(Beginning of PROVIDED MATERIAL)
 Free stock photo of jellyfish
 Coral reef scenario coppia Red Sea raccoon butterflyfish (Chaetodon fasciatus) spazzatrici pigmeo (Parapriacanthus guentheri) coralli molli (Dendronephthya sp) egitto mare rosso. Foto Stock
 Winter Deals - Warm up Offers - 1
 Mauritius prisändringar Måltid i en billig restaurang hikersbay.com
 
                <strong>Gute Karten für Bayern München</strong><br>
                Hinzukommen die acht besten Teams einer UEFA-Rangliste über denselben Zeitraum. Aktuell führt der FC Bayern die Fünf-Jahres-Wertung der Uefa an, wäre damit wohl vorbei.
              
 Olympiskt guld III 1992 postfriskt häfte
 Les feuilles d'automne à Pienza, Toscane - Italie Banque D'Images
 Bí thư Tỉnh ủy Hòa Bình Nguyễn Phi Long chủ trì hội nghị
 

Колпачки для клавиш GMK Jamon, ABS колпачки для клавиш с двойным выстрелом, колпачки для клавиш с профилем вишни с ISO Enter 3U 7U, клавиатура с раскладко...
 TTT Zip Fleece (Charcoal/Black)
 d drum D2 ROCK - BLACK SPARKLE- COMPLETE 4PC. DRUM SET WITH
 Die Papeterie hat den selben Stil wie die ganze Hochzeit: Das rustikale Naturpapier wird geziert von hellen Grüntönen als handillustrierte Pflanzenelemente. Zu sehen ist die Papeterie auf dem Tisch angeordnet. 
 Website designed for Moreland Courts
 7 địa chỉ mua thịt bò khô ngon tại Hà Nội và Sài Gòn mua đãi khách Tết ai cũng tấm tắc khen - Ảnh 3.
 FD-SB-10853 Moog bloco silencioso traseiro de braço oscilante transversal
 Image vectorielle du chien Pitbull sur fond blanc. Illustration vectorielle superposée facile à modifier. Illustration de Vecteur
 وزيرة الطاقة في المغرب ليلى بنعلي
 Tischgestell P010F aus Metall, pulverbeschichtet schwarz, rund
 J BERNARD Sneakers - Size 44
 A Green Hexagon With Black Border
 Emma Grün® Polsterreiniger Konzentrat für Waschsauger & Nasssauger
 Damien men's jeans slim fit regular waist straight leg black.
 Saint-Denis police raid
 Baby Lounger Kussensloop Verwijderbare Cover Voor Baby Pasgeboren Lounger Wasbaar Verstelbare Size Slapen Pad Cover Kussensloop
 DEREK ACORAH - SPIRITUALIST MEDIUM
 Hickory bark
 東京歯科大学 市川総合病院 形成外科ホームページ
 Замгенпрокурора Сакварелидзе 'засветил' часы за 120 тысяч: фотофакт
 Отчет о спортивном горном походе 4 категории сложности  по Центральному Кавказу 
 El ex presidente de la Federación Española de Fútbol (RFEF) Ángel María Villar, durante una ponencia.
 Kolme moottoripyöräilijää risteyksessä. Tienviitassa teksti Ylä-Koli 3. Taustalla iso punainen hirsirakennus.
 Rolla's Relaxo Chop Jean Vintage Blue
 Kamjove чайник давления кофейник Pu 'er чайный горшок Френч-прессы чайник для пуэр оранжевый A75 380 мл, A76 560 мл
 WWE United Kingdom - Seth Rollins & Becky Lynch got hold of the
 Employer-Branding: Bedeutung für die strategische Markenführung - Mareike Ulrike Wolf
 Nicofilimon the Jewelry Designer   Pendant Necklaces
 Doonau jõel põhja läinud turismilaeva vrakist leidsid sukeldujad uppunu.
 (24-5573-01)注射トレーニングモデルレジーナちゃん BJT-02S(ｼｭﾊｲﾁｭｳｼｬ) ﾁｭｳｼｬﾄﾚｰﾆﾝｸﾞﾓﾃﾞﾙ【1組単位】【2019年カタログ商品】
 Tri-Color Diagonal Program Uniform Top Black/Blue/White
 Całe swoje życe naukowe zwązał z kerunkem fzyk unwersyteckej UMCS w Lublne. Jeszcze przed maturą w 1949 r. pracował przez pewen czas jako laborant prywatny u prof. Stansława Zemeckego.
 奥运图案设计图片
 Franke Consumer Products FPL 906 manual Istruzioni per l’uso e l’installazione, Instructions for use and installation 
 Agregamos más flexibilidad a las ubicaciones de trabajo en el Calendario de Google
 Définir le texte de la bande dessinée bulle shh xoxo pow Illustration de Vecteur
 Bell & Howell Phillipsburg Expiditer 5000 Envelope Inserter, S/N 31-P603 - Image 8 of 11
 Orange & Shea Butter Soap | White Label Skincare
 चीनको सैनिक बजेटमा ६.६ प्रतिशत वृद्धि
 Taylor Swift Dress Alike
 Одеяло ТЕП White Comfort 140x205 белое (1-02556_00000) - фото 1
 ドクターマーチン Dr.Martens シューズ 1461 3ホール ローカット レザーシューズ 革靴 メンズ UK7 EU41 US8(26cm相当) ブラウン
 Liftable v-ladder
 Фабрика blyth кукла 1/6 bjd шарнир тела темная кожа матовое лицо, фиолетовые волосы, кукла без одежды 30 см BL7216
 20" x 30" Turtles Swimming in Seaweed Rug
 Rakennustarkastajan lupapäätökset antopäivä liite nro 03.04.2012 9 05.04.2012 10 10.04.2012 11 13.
(End of PROVIDED MATERIAL)
**ASSIGNED TASK:** Identify every line above that includes the word "Illustration", and show those lines.

**EXPECTED ANSWER:**
 Image vectorielle du chien Pitbull sur fond blanc. Illustration vectorielle superposée facile à modifier. Illustration de Vecteur
 Définir le texte de la bande dessinée bulle shh xoxo pow Illustration de Vecteur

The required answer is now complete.